[Information provided — start]
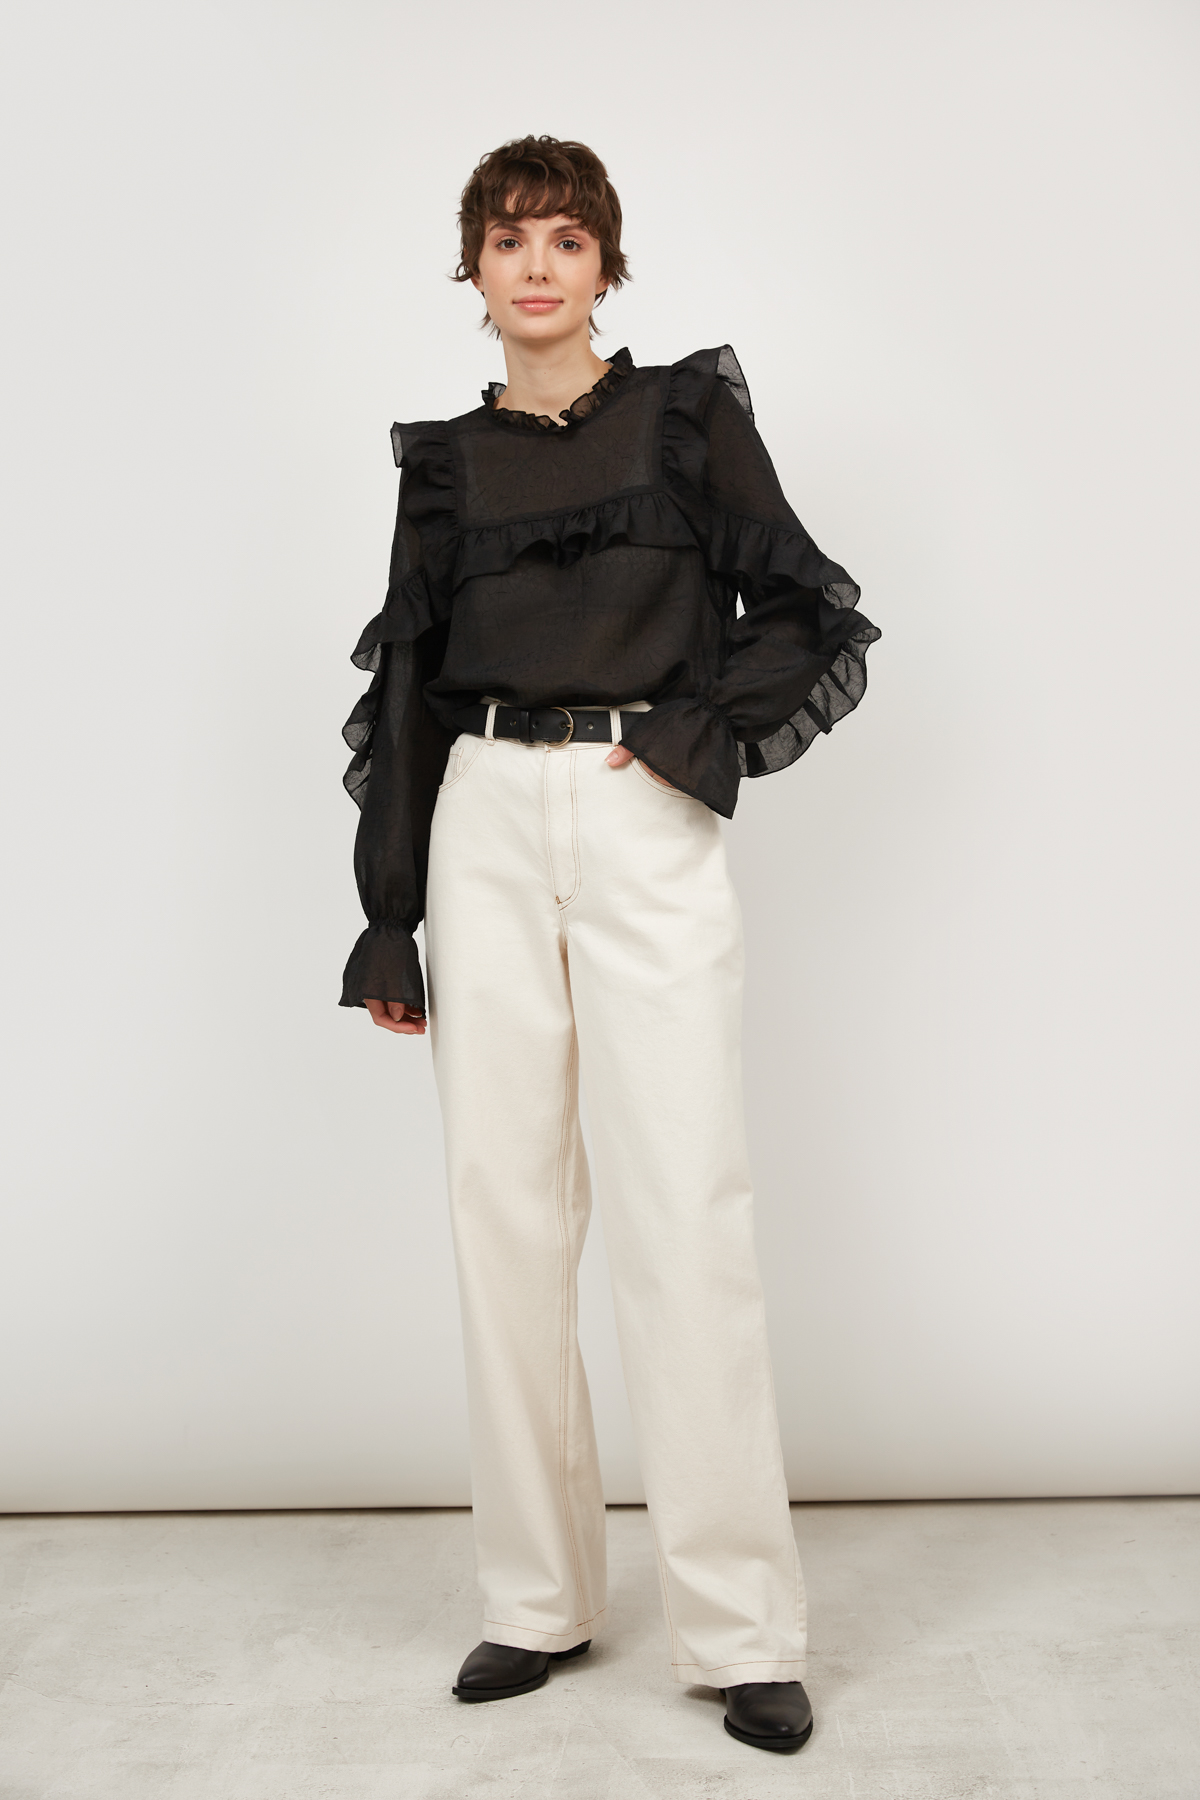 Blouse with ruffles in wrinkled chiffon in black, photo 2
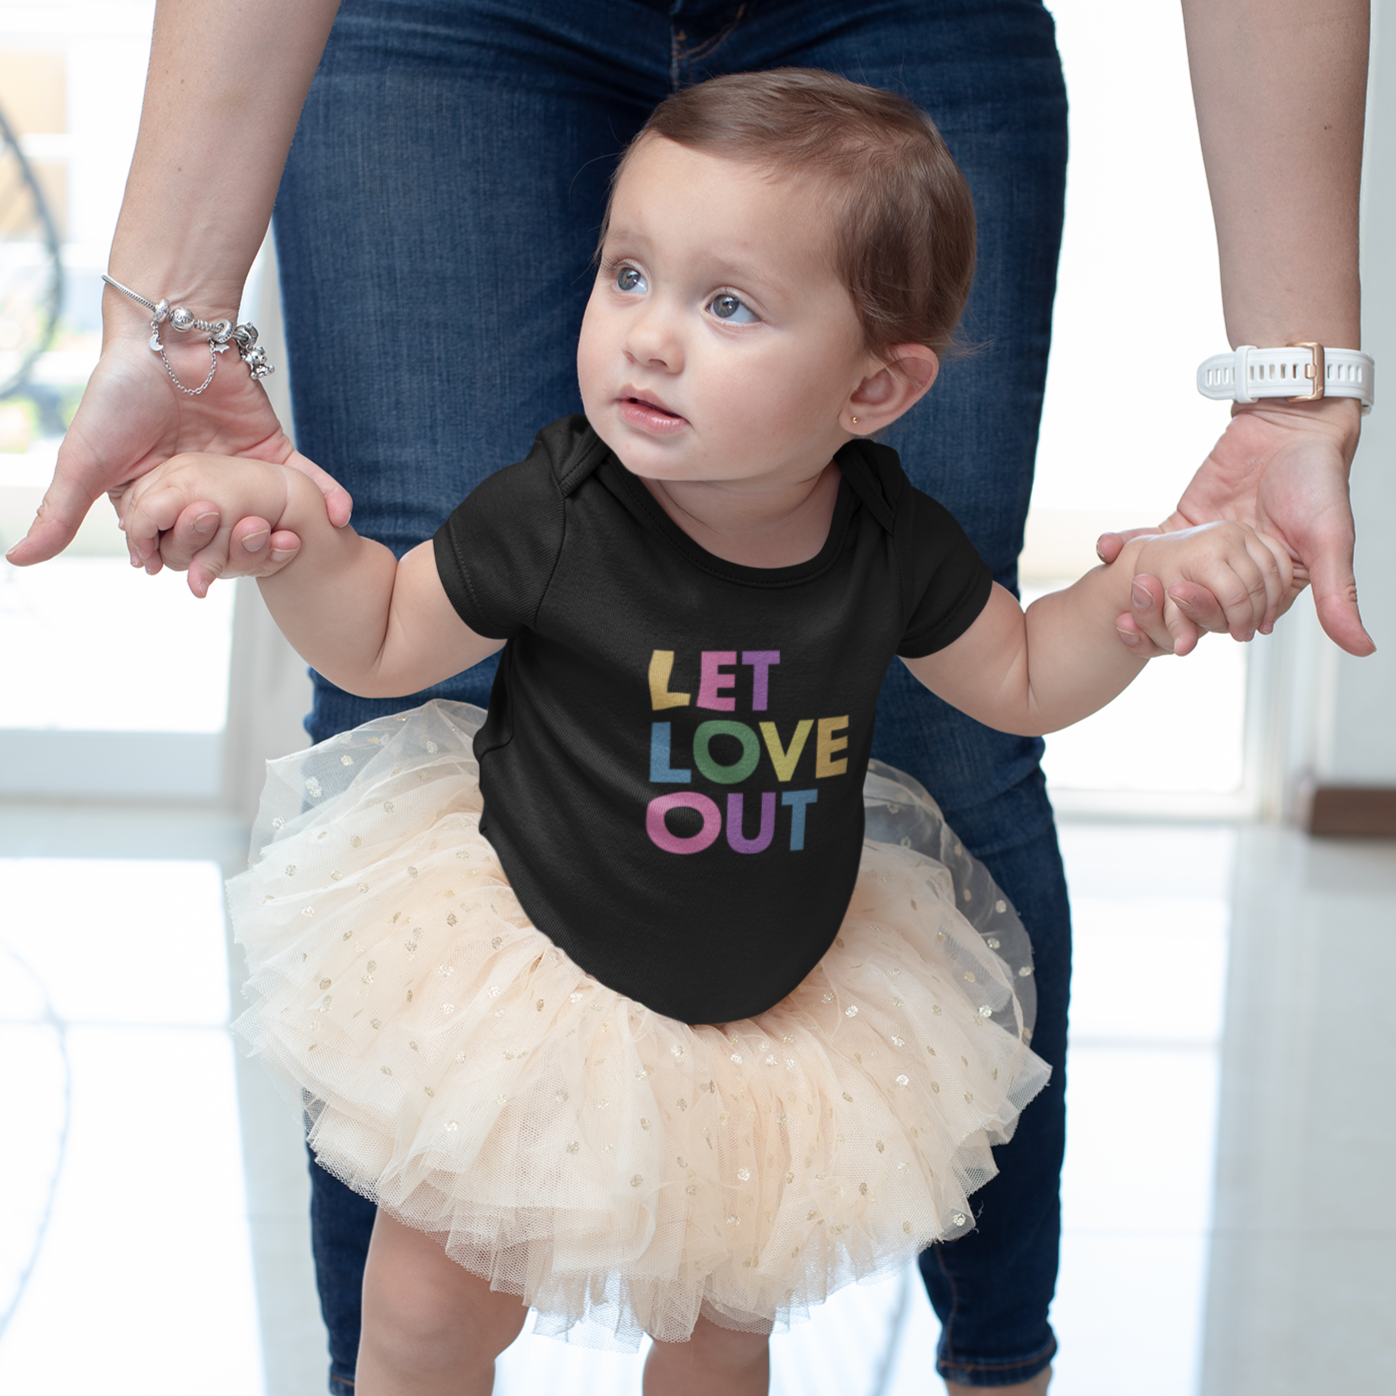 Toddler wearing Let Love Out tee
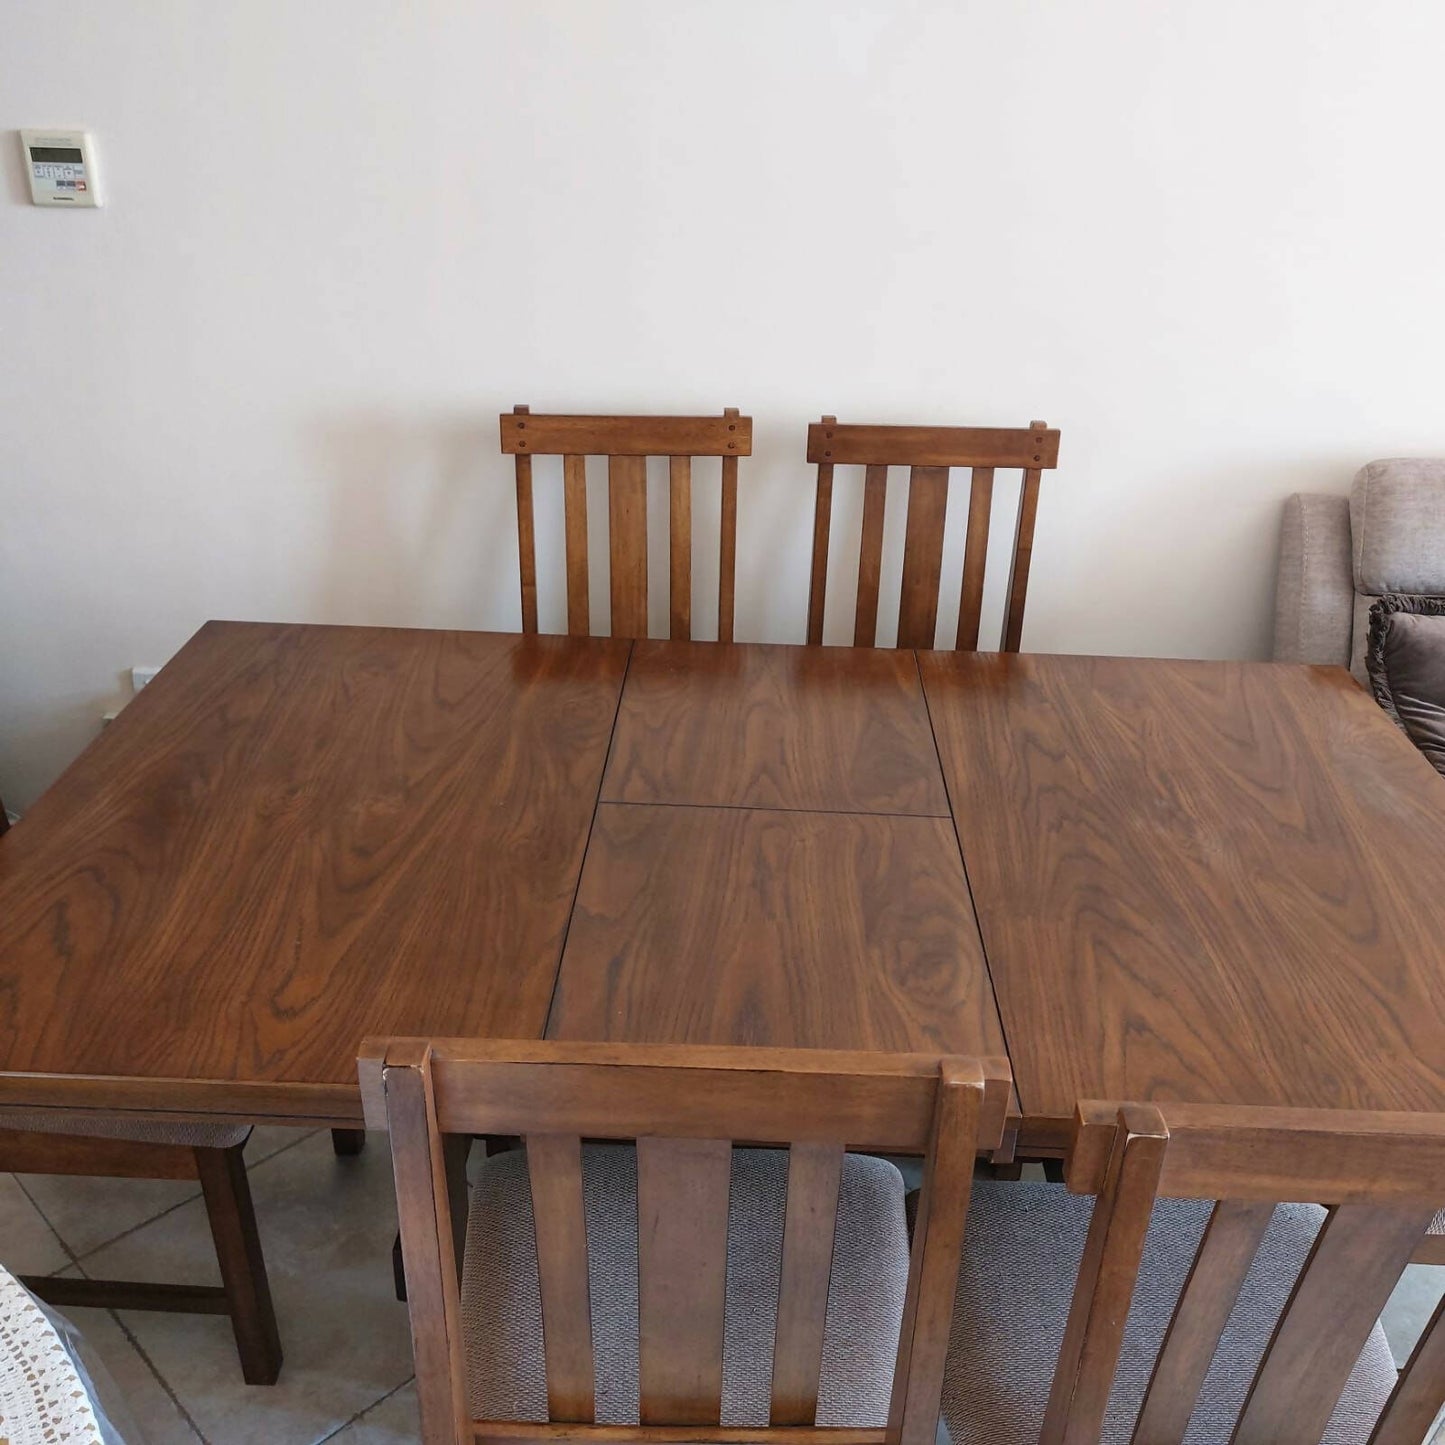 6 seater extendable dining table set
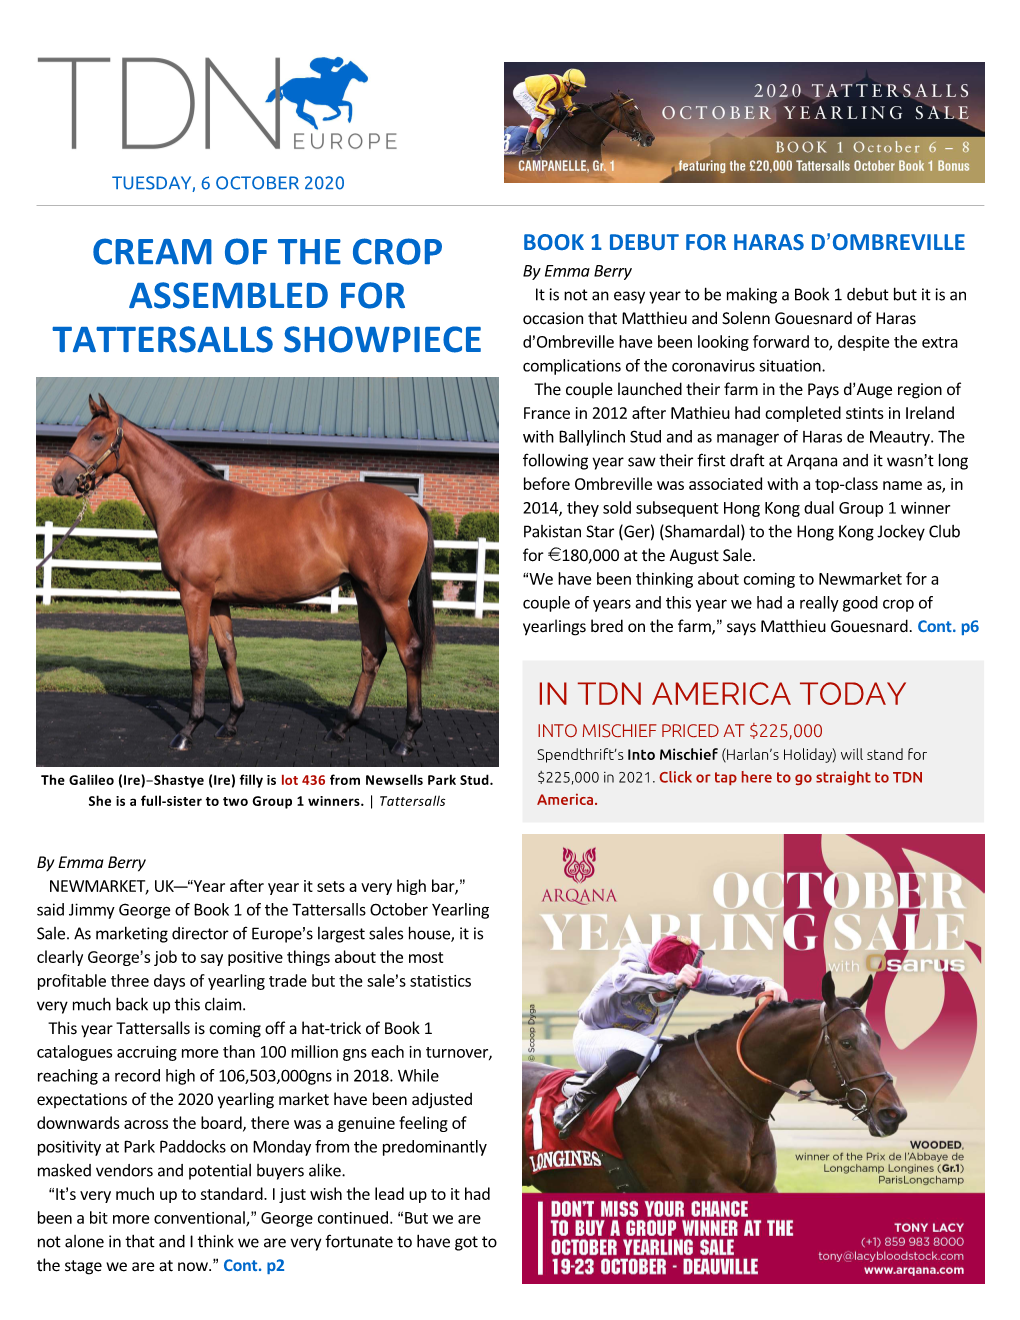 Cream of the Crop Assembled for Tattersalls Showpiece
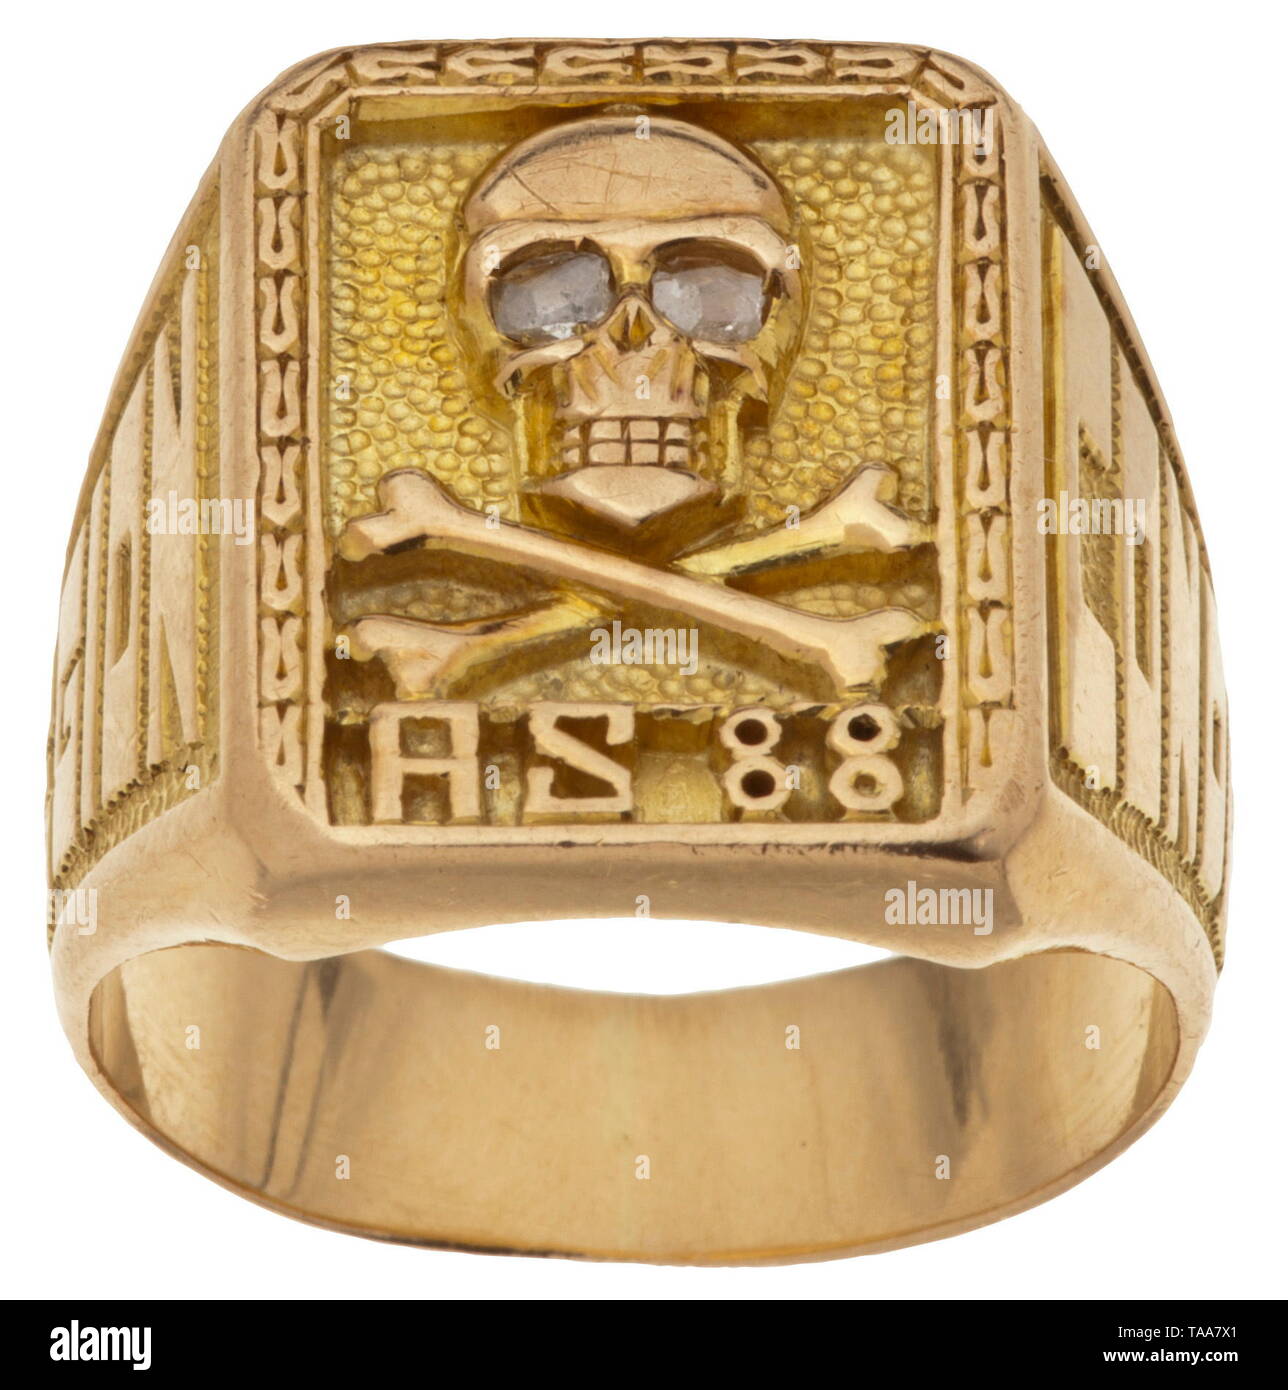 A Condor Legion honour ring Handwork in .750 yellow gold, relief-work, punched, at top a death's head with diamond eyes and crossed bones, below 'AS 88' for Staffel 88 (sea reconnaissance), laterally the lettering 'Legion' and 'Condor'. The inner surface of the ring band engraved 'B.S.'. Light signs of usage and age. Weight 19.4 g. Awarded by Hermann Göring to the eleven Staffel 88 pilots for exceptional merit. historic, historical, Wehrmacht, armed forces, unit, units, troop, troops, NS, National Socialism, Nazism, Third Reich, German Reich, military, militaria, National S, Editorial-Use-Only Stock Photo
[Information provided — finish]
- **Work item**: Look above for the line with "Toddler wearing Let Love Out tee", then print it and each line after it down to and including the line with "Cream of the". Leave out the pictures and keep the wording exact.

- **Your solution**:
 Toddler wearing Let Love Out tee
 6 seater extendable dining table set
 Cream of the Crop Assembled for Tattersalls Showpiece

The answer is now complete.